Et évidemment, une femme le fait et est invitée à monter sur scène. Le show reprend donc avec elle qui chante et danse avec les musiciens. On arrive alors vers la chanson 1987 et une autre jeune femme, très courtement vêtue, est invitée à son tour. Chloé (c'est son prénom) est alors installée sur un tabouret, les Panthers l'interviewe et "improvisent" une chanson pour elle. On lui remet un bracelet "Backstage". Elle participera aussi à quelques titres, profitant d'une expérience scénique unique. Nous nous interrogeons toujours, Hélène et moi, sur son devenir en fin de soirée et si elle a conclu dans le foin avec les vieux de 30 ans de plus qu'elle.
Le show continue et un groupe de plus de 20 femme finit sur scène à danser avec les Panthers. Certaines la poitrine à l'air, d'autres non. On reconnait Lucie Sue sur le côté gauche! Les pole danseuse sont également présentes et suscitent l'admiration de tous.
Voici les rappels, toujours dans le délire du n'importe quoi de provocation tendancieuse : des filles sur scène, des seins à l'air, de la fête, de la bonne humeur. Ce groupe est vraiment incroyable et évidemment, rien est à prendre au 1er degré sans quoi le sexisme ambiant serait inqualifiable.

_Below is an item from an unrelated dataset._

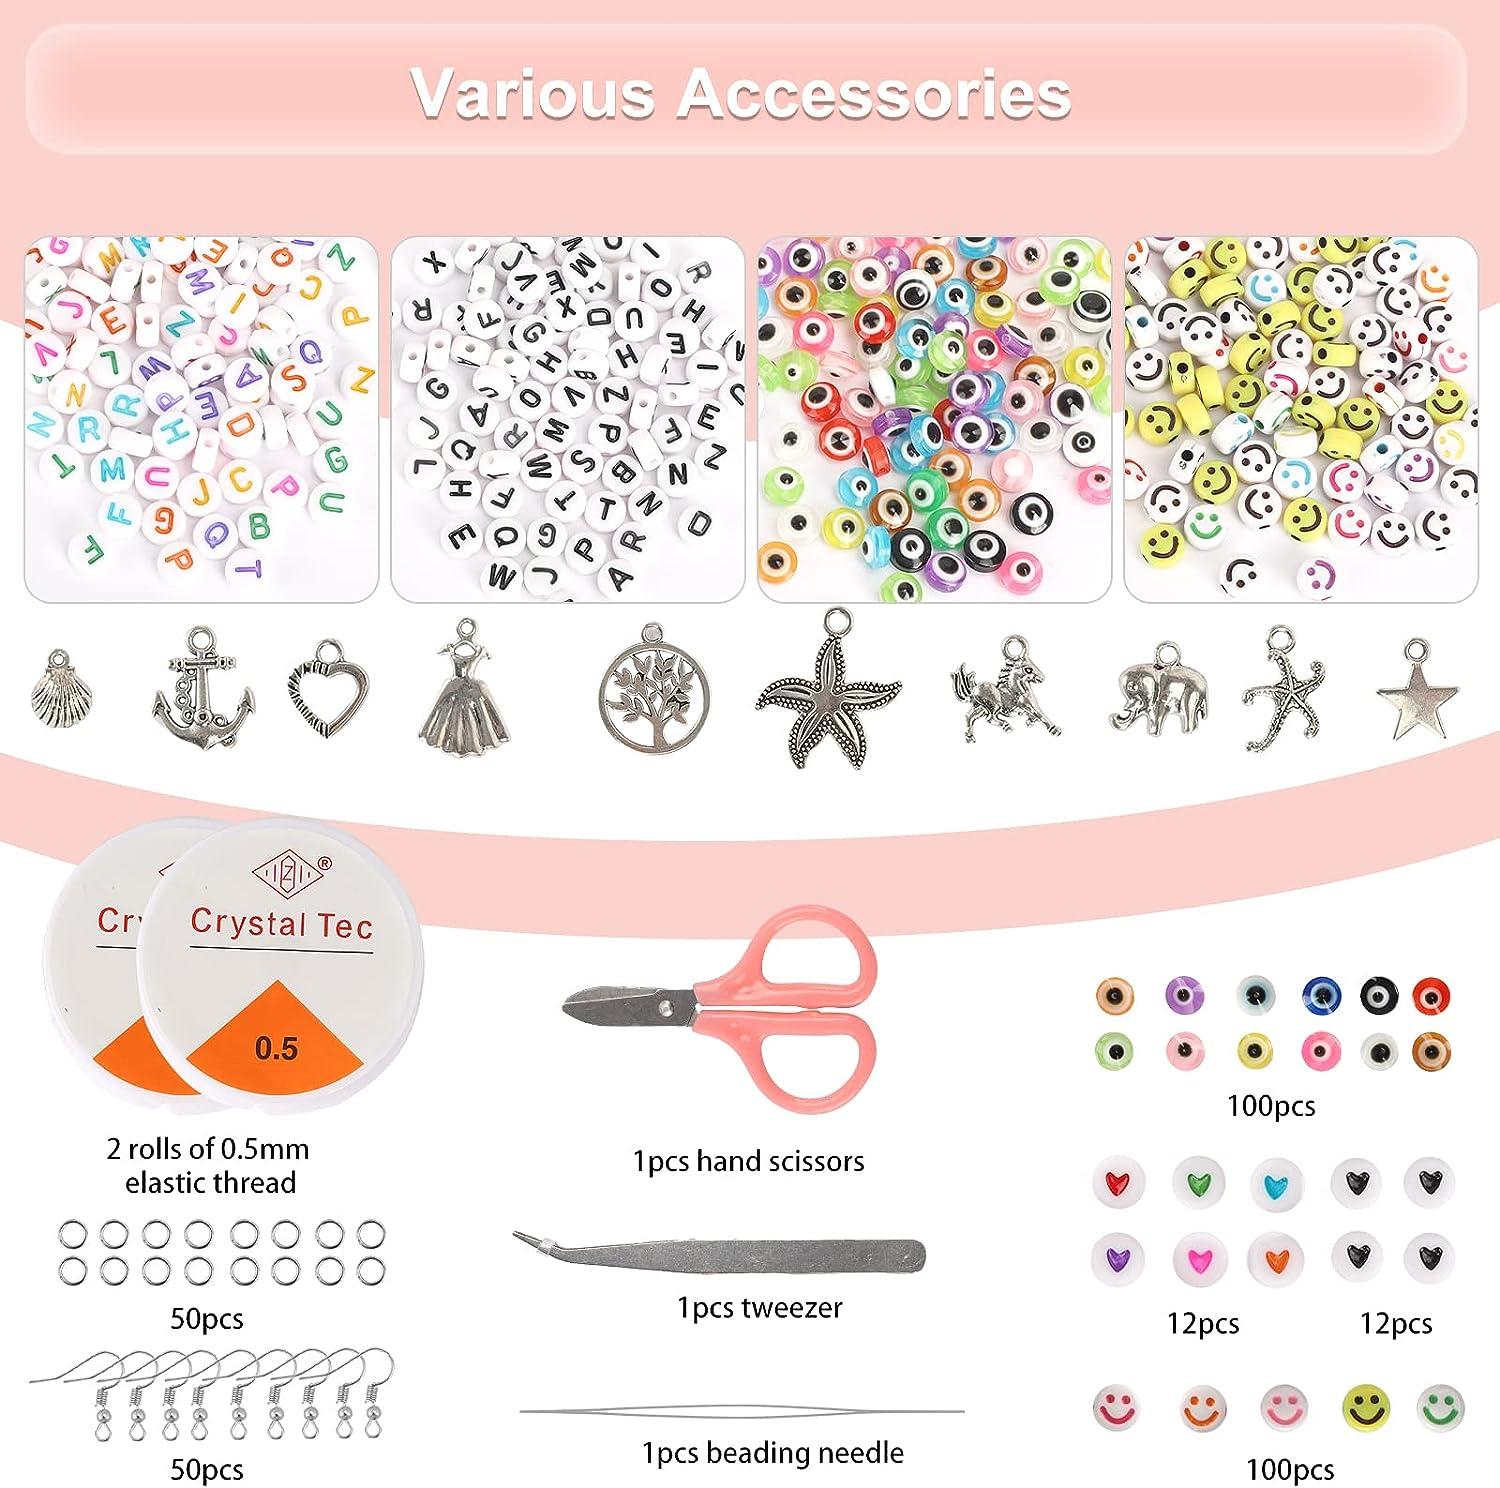 QUEFE 40000pcs 2mm Glass Seed Beads for Jewelry Making Kit 440pcs Letter  Beads 100pcs Smiley Face Beads & 100pcs Evil Eye Beads for Bracelets  Necklace Ring Making DIY Art Craft Gifts

Tout le monde s'amuse d'être là façon "Sex, Drugs and Rock'n Roll  et c'est un plaisir d'y participer!


La Setlist : 

1 - Eyes of a Panther
2 - Tomorrow Night
3 - Asian Hooker
4 - Just Like Tiger Woods
5 - Friends With Benefits
6 - Guitar Solo
7 - Death to All but Metal
8 - The Mother's Day Song (Live debut)
9 - 1987
10 - Impromptu Song for a Girl
11- -Girl From Oklahoma
12 - 17 Girls in a Row
13 - Party Like Tomorrow Is the End of the World

Encore :

14 - Seven Nation Army (The White Stripes cover) (Intro)
15 - Community Property
16 - Gloryhole


Ma conclusion est simple : Steel Panther est à voir une fois. On est prévenu et c'est totalement attendu mais tellement drôle et décalé que cela mérite l'expérience. C'est juste encore plus pire que pire. Et en plus la musique est extra. Un excellent moment à passer entre adultes consentants!